> Problem description
Reproduce every line of the listing as written, apart from the pictures.

> Available data

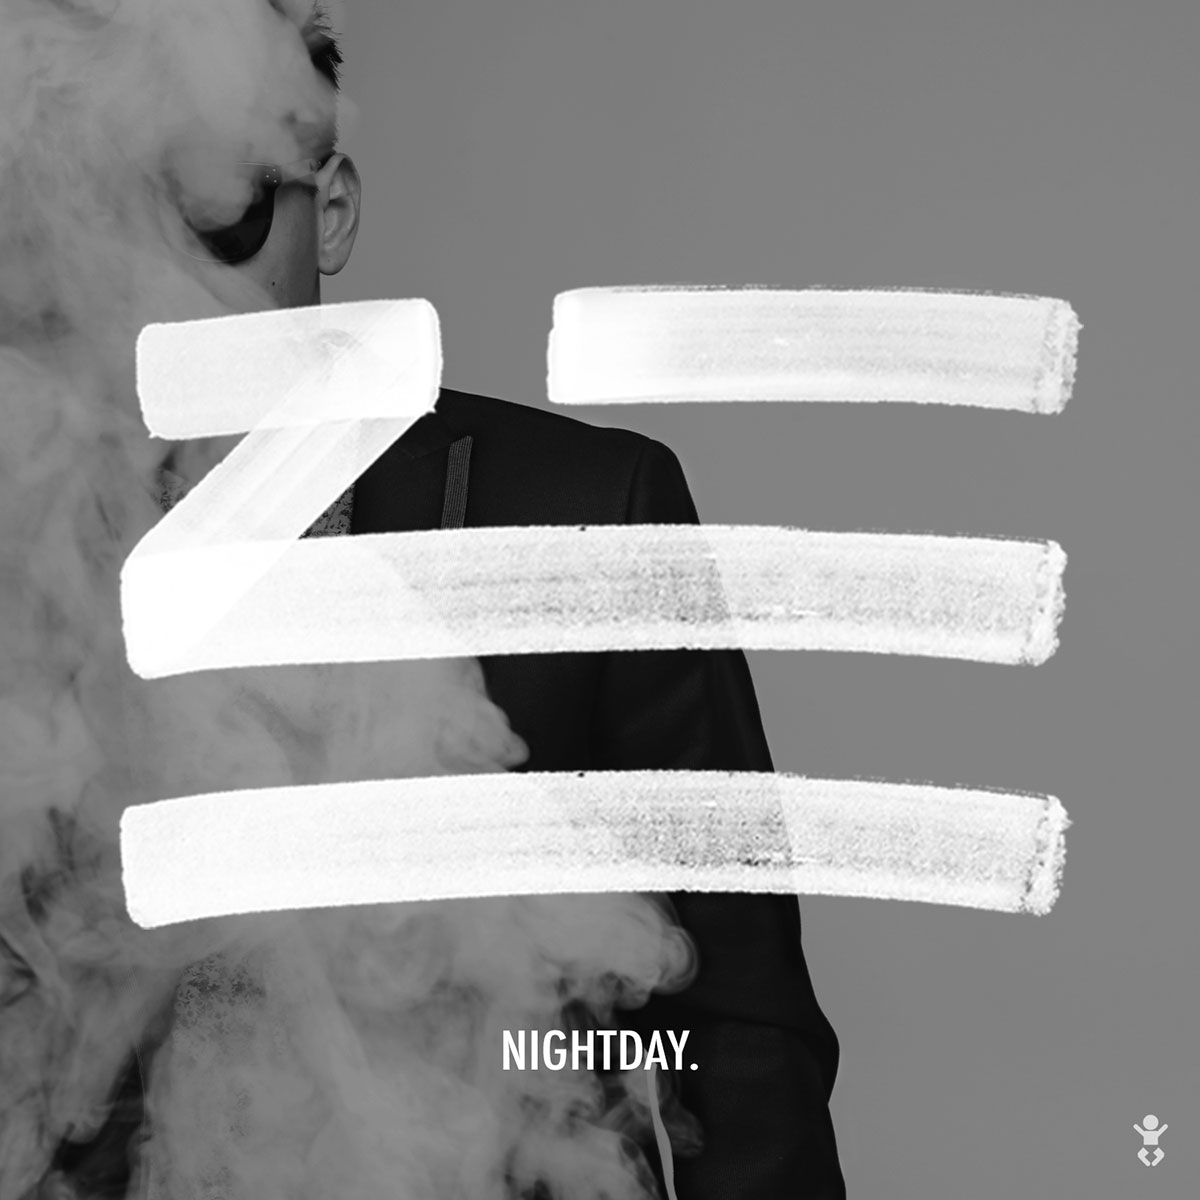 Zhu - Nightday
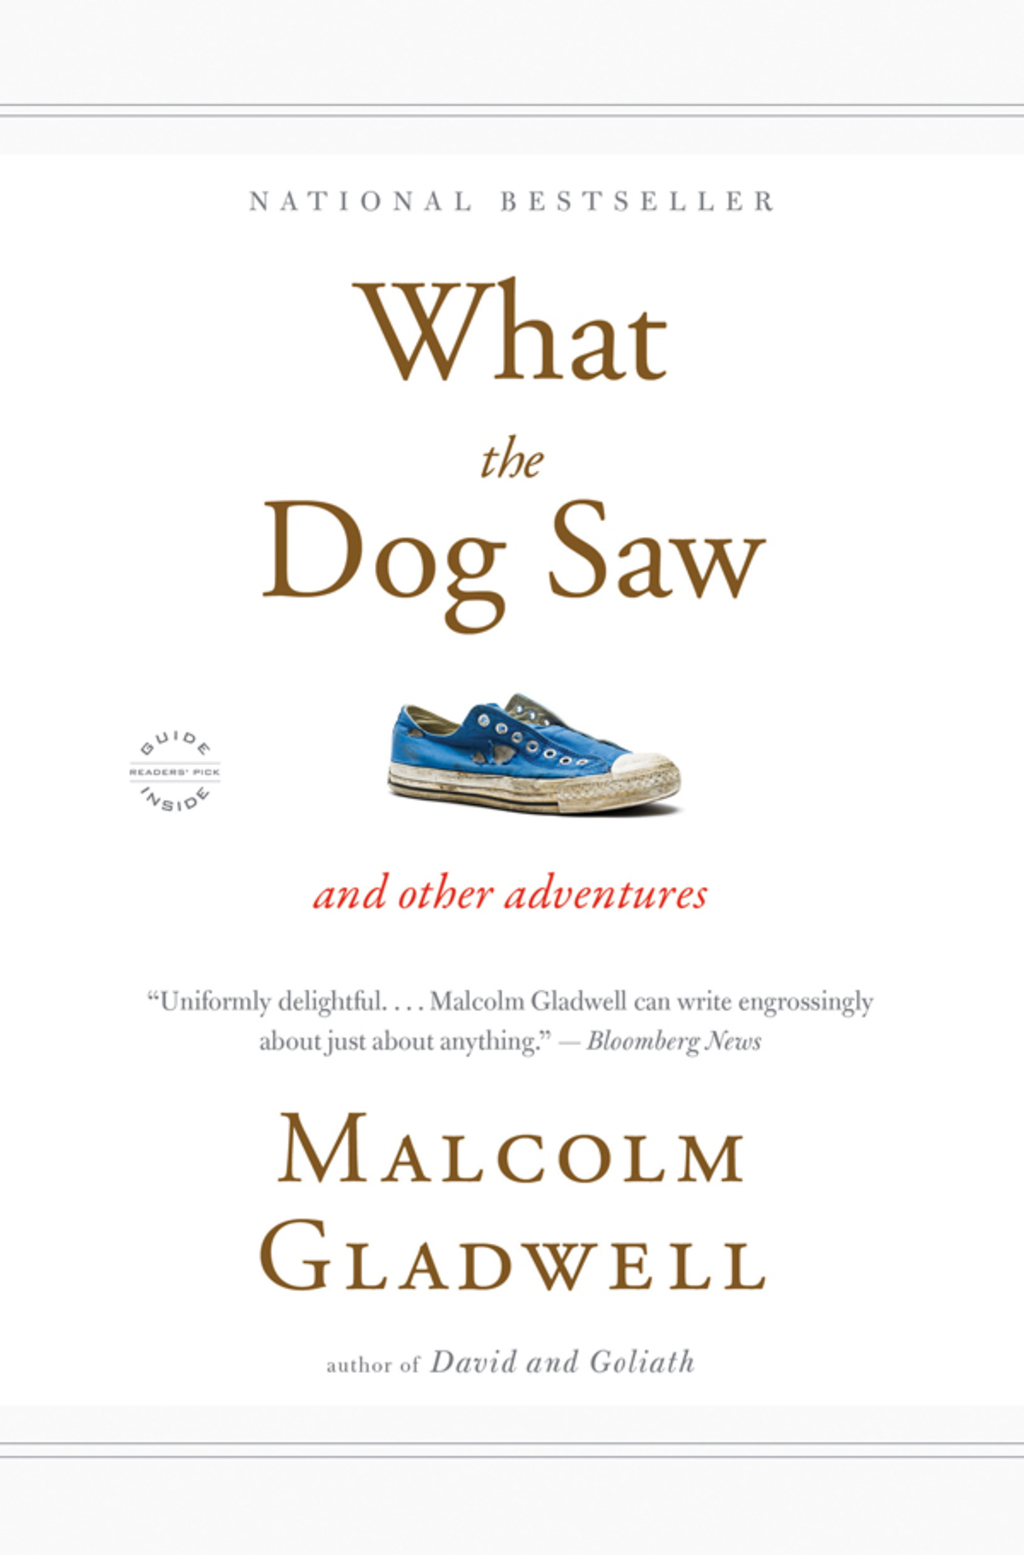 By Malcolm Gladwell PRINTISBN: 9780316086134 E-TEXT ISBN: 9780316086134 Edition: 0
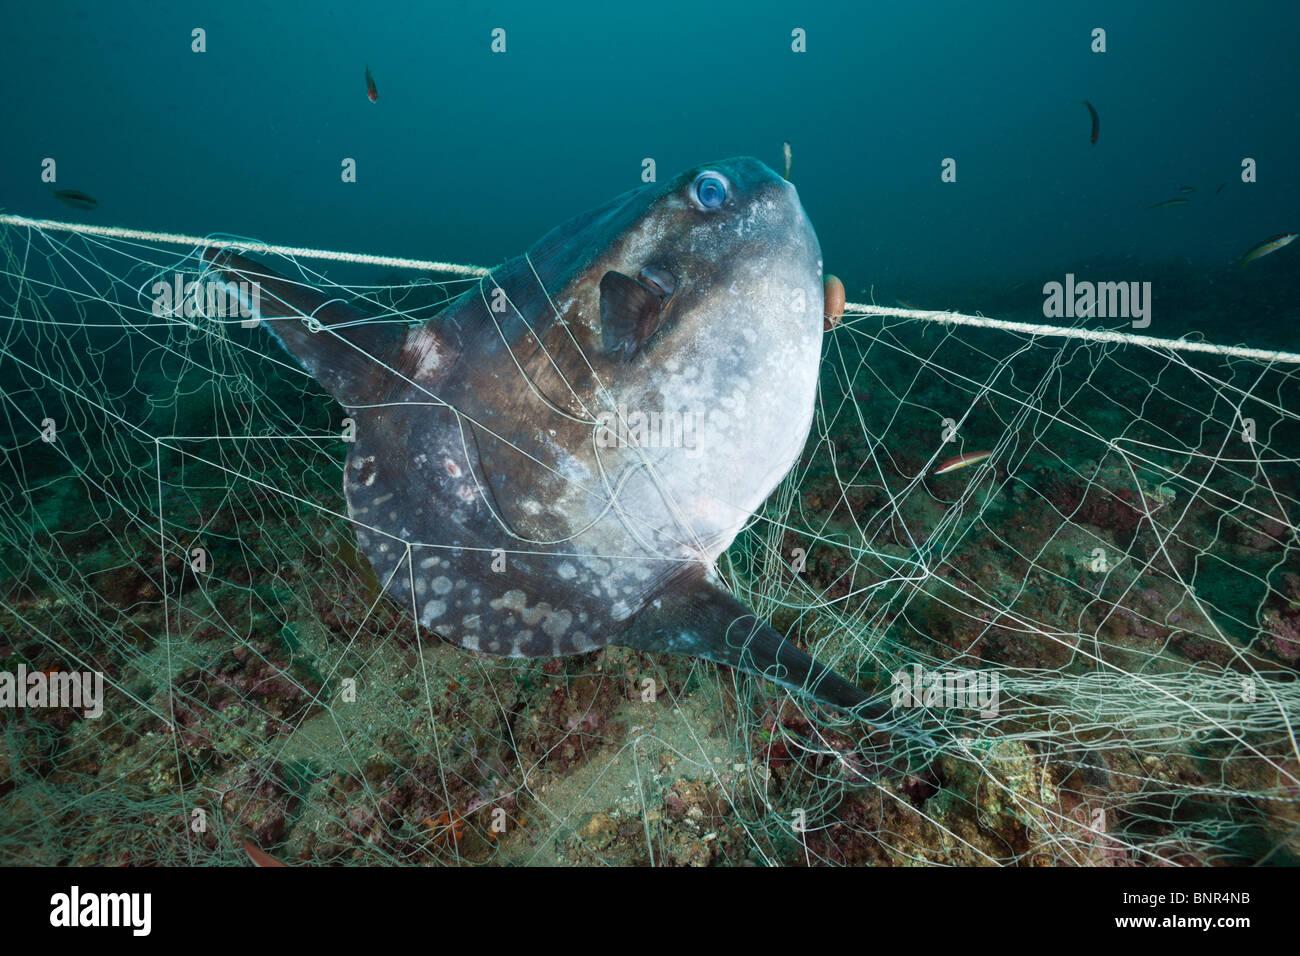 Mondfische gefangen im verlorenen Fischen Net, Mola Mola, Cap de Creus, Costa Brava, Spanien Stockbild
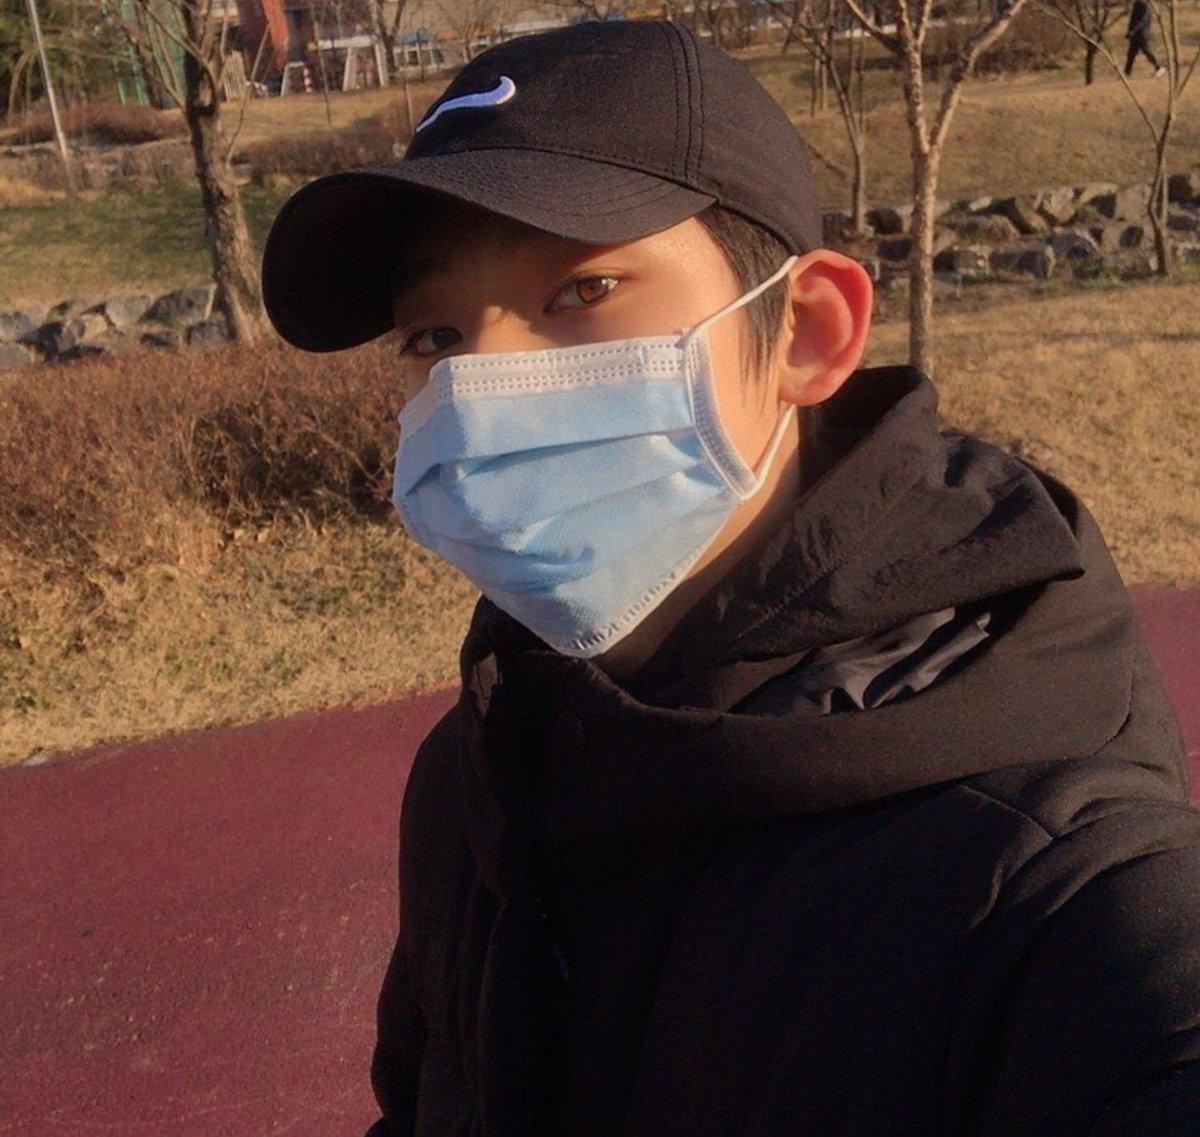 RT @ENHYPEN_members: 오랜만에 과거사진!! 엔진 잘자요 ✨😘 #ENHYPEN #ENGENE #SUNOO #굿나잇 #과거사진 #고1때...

> Completed exercise
 Zhu - Nightday
 By Malcolm Gladwell PRINTISBN: 9780316086134 E-TEXT ISBN: 9780316086134 Edition: 0
 Mondfische gefangen im verlorenen Fischen Net, Mola Mola, Cap de Creus, Costa Brava, Spanien Stockbild
 RT @ENHYPEN_members: 오랜만에 과거사진!! 엔진 잘자요 ✨😘 #ENHYPEN #ENGENE #SUNOO #굿나잇 #과거사진 #고1때...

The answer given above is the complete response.